И имя сообщили! Ну, кто? Кто?

— Состоял. Не откажусь.

— Добро. Значит, бес тебя не попутал. К правде дорогу не запамятовал, — усмехнулся иронически Иоанн. — Поднимись, дай тебе в очи глянуть.

Чернец поднялся и прямо уставился на царя.

— Не робок! — тихо прошелестел Иоанн одними губами, едва ли не без участия голоса. — Как там живет да поживает Силуан? — поинтересовался государь, искоса наблюдая за онемевшими сподвижниками — Вяземским и Малютой. — Муж многоумный и опытный и в вере крепкий.

Силуан, или, как его еще называли, Сильван, — инок Троице-Сергиевой обители — начинал с места писца при Максиме Греке. Он знал все тайные помыслы прекрасного старца, знал и о его итальянских путешествиях, знал и об Иерониме Савонароле, рассказывал ему славный наставник о великолепном сказочном граде Венеции, где он занимался науками под руководстом Иоанна Ласкариса. Дружбой молодого Максима Грека гордился типограф Альд Мануций. В эпоху Ренессанса умели ценить человека не по возрасту, а по талантам.

— Скоро, очень скоро каторжный труд писца уйдет в прошлое, — пророчествал Максим Грек, ободряя Силуана, у которого на пальце правой руки образовалась от усердия кровавая мозоль. — Книга войдет в каждую избу, повсюду откроются школы, и ереси тогда уже не будет места на Руси.

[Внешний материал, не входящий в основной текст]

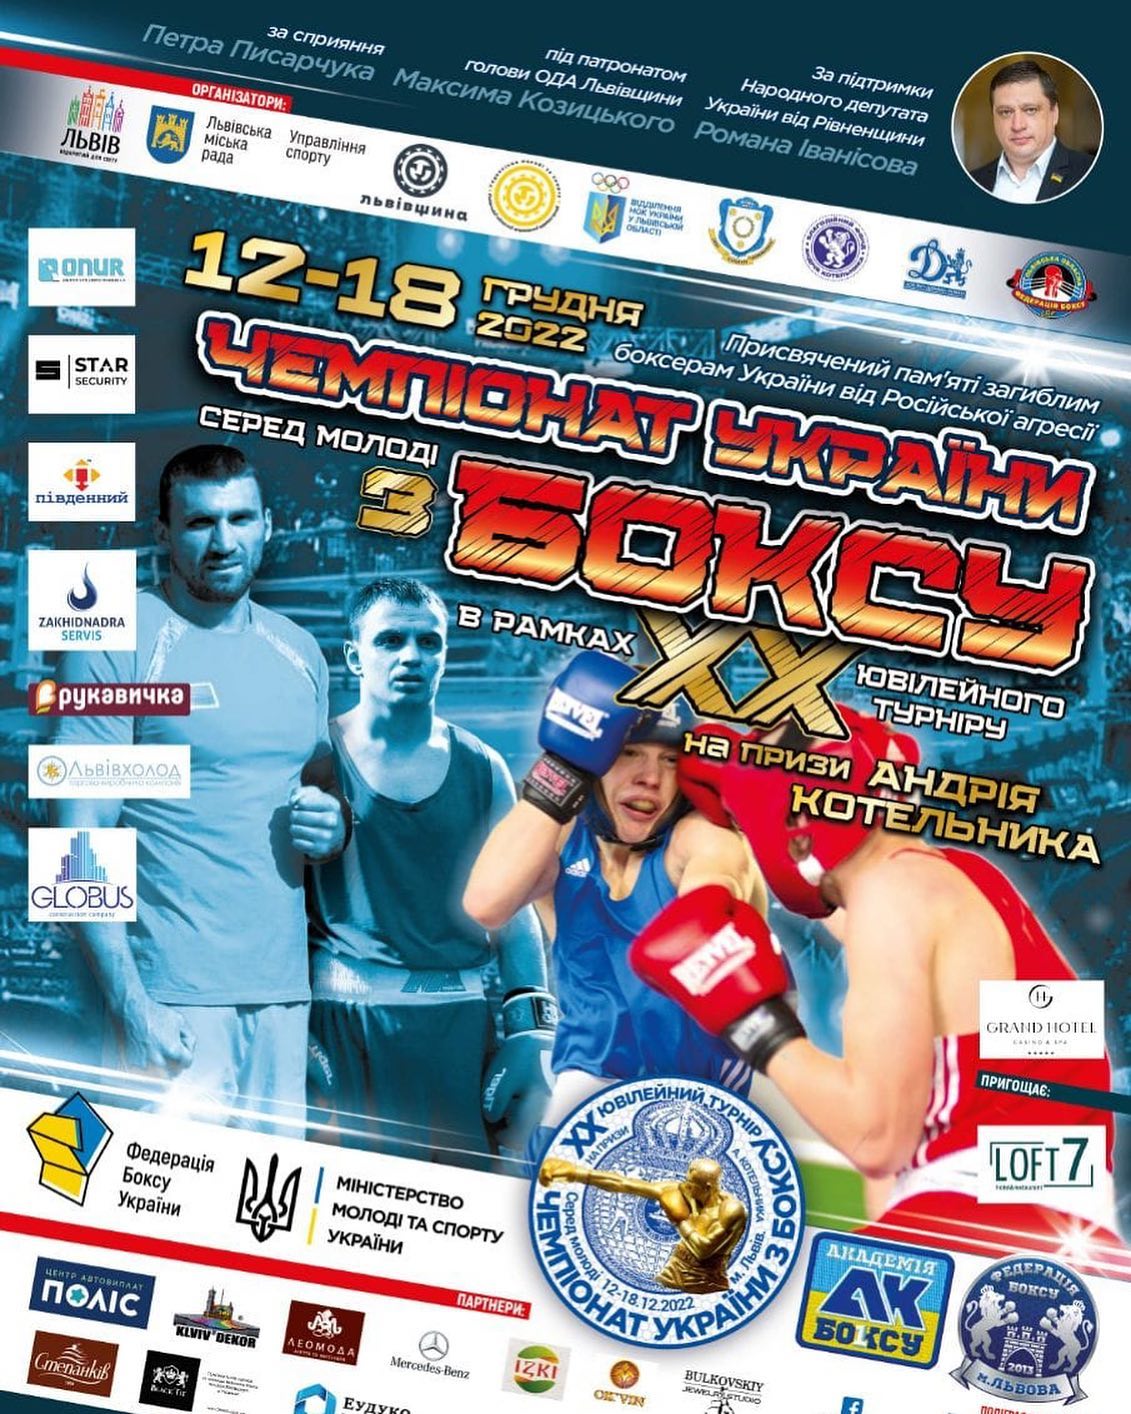 Урочисте відкриття Чемпіонату України з боксу серед молоді відбулося

Ни Малюта, ни Вяземский ничего не слыхали о Силуане и были немало потом удивлены ходом мысли царя. Малюта полагал, что подозрительный Иоанн прикажет вздернуть чернеца на дыбу, вырвать любое признание, которое припрячем до нужной поры, против Курбского, а самого чернеца велит бросить в темницу. Но что было лишним и непонятным для Малюты и даже Вяземского, то казалось необходимым царю. Между ним и Масимом Греком все-таки существовала какая-то мистическая связь. Ведь недаром юный Иоанн, несмотря на то что соборы 1525 и 1531 годов осудили Максима Грека почти как еретика, вменив ему многие тяжкие, хотя и мнимые вины, спас старца от гонителей, облегчил участь в разных монастырских тюрьмах и в конце концов позволил перевести под Москву, в Троице-Сергиеву обитель. Но теперь знаменитый затворник не интересовал царя. Он знал, что окружение Максима Грека в светской жизни не играет никакой роли. Однако ереси, столь распространенные на Руси, оказывают воздействие именно на светскую жизнь. История с Матвеем Башкиным и Феодосием Косым убедительно это подтвердила. А инок Отенского монастыря Зиновий, один из учеников Максима Грека, прославился своей борьбой против Башкина и его приятелей-еретиков. Каким же он будет правителем, если не каждую букашку использует во благо себе? Сегодня еретик какой-то купчик Башкин, а завтра — сам Зиновий или дьяк Нил Курлятев, который в рот Максиму Греку смотрел и из его рук питался. Возле Максима Грека терся и Курбский. От него усвоил чужестранные понятия и представления.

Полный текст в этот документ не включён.